╭─ Records to use

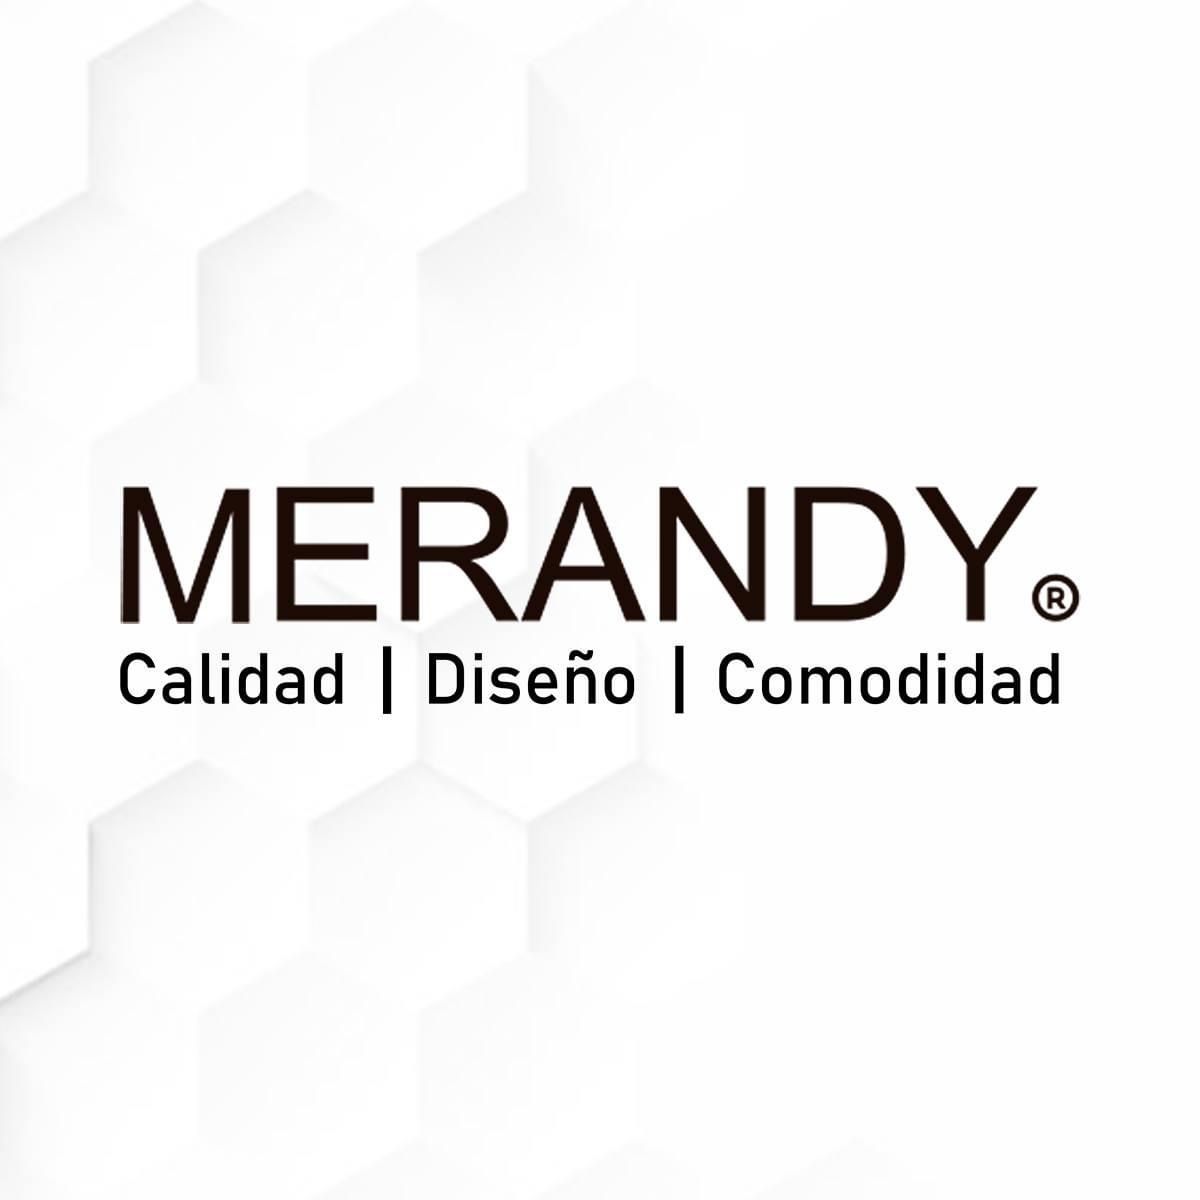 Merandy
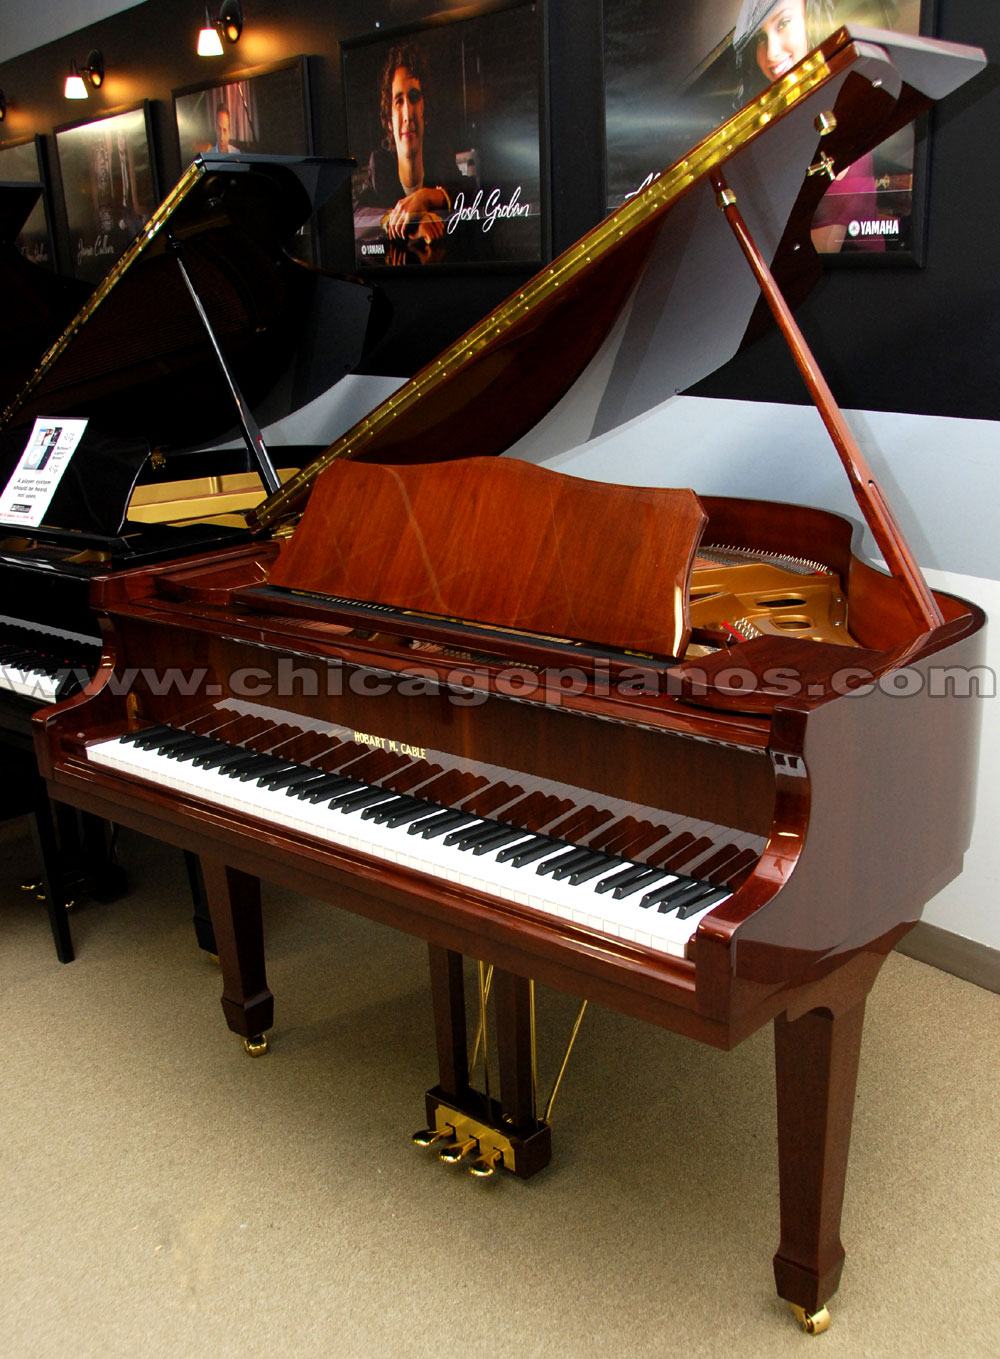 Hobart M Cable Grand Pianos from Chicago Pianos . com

╰─
╭─ Records to use

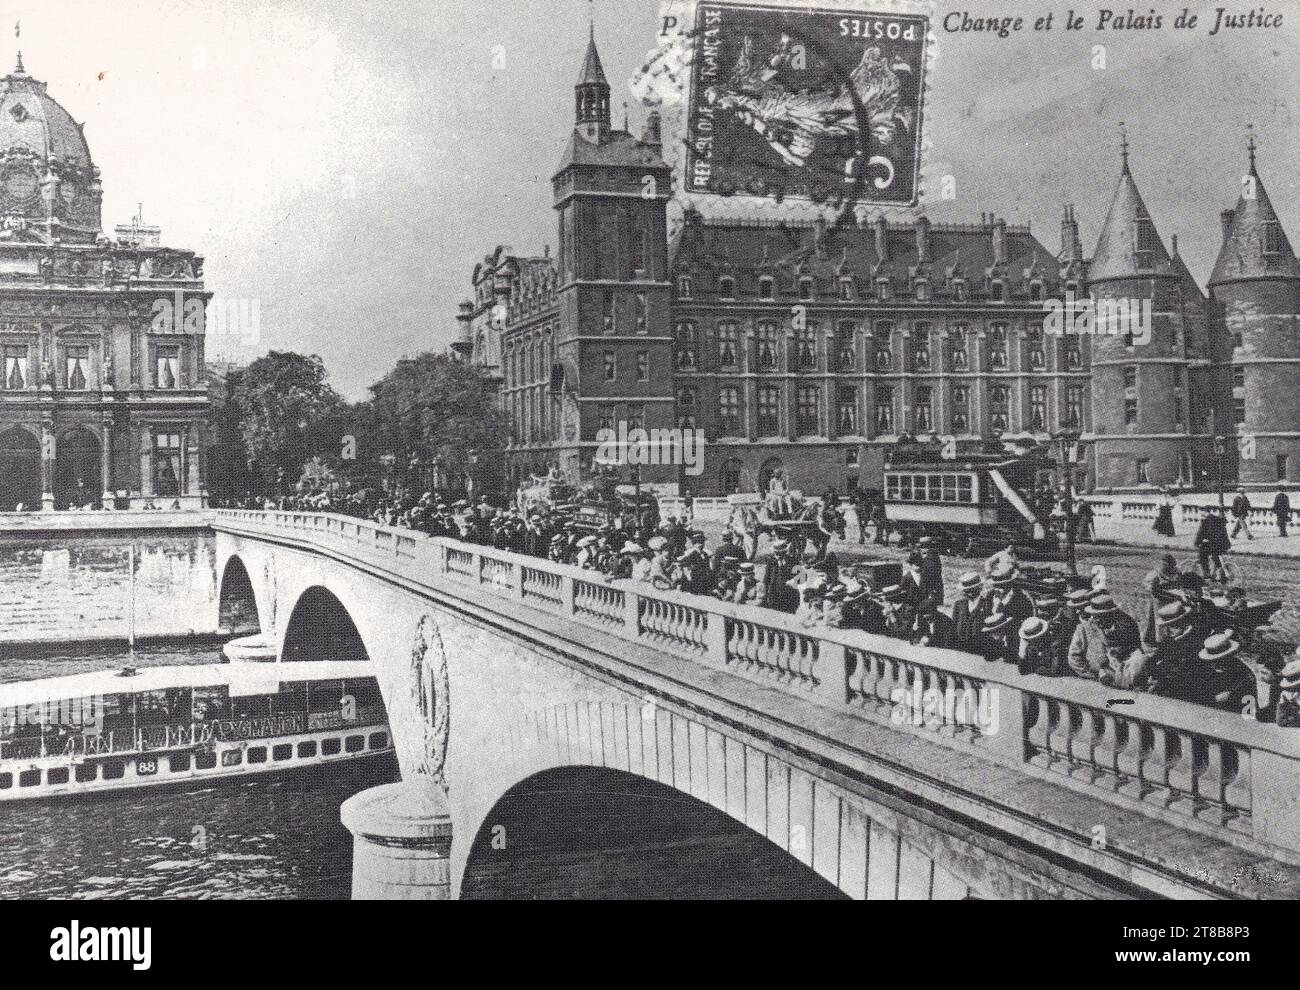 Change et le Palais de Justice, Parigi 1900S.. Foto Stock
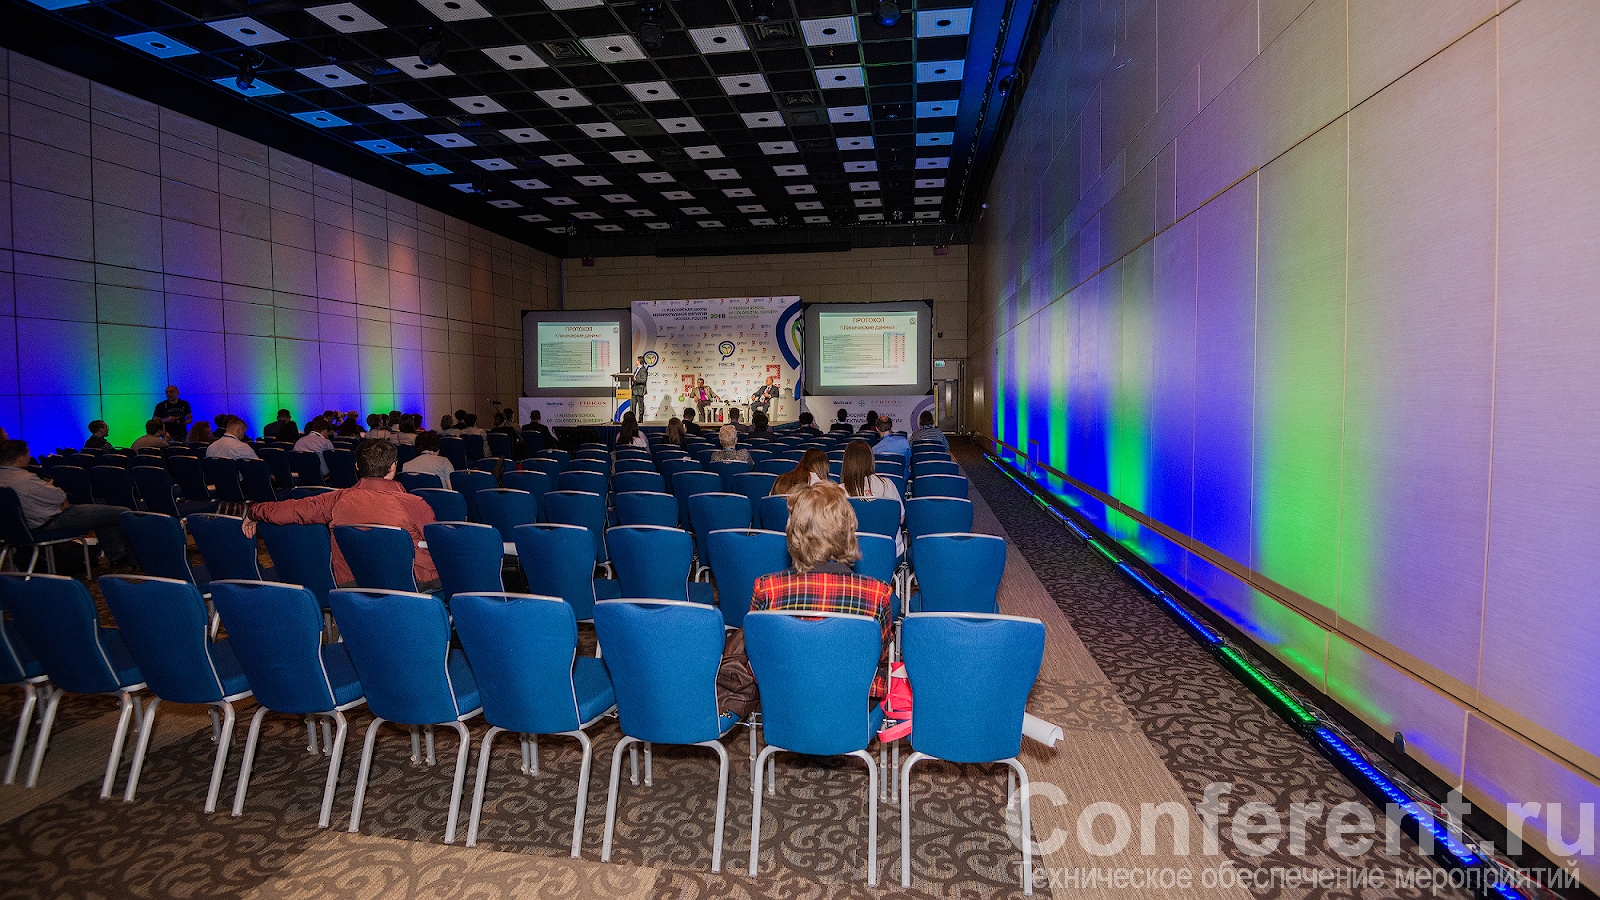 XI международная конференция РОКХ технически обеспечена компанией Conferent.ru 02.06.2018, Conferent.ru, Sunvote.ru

╰─
╭─ Records to use

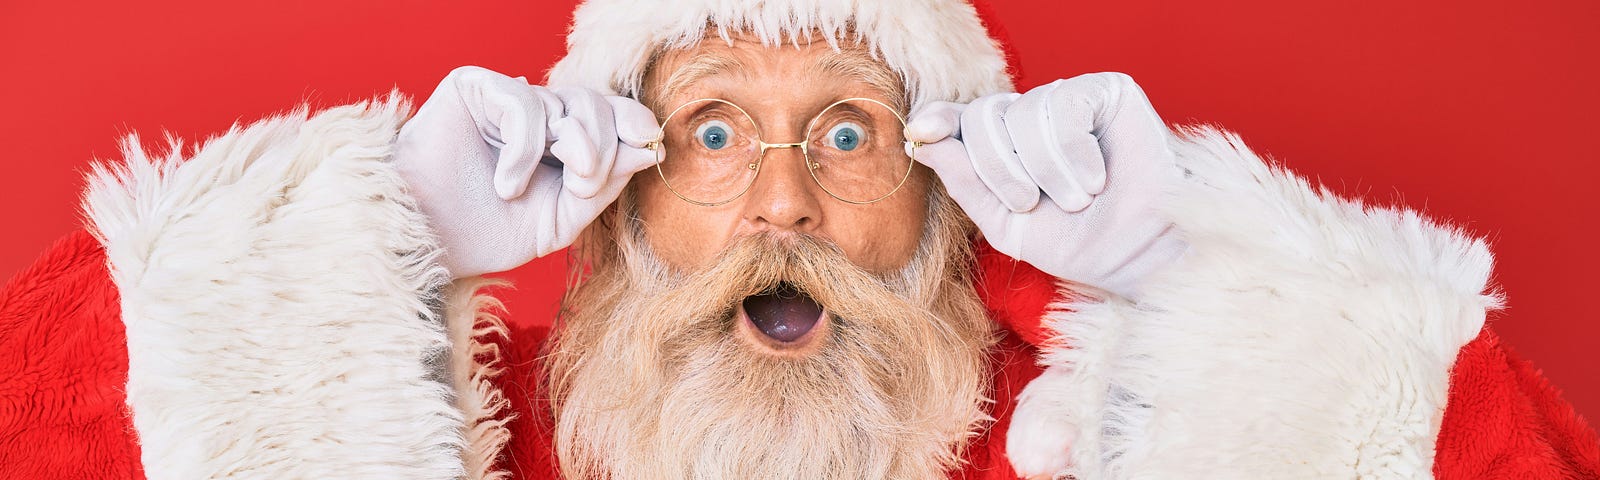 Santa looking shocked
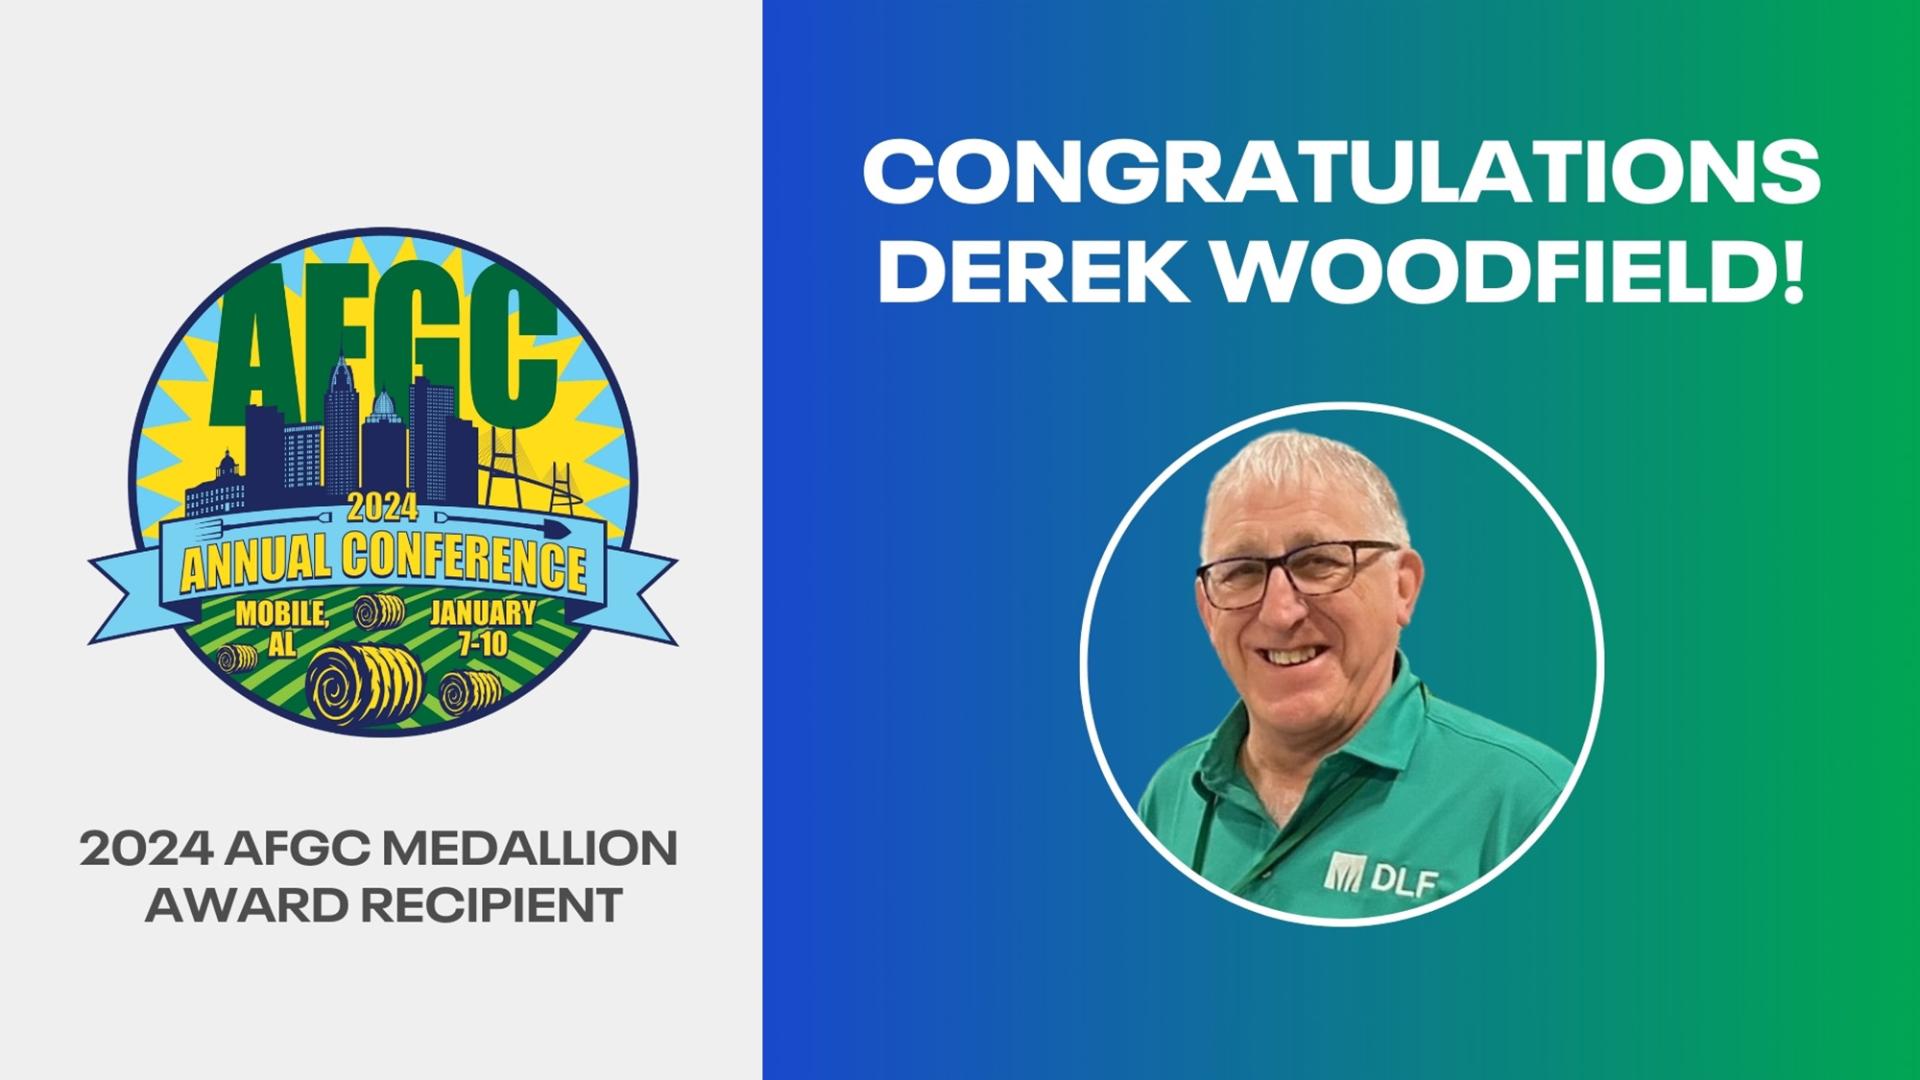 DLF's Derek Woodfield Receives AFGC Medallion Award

╰─

Instructions to follow: Working from the records above, set down word for word everything from the line containing "Santa looking shocked" down to the line containing "DLF's Derek Woodfield", ends included, minus the pictures.

Result for this task:
 Santa looking shocked
 DLF's Derek Woodfield Receives AFGC Medallion Award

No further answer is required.